Bring together copies of the lines in the data below that contain the word "зеленый".

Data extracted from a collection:
----------
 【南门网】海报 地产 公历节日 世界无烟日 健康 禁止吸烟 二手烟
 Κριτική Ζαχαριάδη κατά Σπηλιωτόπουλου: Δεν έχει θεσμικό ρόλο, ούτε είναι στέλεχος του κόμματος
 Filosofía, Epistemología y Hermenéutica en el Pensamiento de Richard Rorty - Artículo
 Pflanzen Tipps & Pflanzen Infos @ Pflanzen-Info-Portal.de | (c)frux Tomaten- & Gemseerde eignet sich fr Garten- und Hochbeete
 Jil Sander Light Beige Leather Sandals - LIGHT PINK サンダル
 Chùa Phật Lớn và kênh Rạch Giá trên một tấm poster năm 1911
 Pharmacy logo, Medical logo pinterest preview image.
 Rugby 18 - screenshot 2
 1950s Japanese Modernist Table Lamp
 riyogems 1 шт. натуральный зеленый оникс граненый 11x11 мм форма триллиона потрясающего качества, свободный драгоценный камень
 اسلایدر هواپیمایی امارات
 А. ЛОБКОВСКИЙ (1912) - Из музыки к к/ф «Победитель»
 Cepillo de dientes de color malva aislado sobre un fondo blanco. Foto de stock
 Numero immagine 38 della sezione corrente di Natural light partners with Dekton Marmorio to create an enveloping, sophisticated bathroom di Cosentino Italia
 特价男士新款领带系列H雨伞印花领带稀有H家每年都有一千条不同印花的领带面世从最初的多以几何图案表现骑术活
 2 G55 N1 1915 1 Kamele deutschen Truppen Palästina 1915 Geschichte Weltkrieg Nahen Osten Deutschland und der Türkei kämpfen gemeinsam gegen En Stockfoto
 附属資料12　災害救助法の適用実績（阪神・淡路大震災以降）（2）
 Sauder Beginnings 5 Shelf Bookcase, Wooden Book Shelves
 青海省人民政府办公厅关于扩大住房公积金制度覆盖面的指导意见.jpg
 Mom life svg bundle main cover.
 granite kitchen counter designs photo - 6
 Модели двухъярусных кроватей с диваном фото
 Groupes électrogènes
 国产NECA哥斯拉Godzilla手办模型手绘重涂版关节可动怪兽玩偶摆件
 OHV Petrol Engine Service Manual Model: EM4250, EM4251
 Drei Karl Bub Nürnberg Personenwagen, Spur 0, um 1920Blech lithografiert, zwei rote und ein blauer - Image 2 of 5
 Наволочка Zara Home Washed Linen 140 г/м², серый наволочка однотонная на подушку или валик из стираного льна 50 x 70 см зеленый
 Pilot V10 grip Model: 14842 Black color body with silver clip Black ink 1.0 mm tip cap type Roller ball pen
----------
Problem solution:
 riyogems 1 шт. натуральный зеленый оникс граненый 11x11 мм форма триллиона потрясающего качества, свободный драгоценный камень
 Наволочка Zara Home Washed Linen 140 г/м², серый наволочка однотонная на подушку или валик из стираного льна 50 x 70 см зеленый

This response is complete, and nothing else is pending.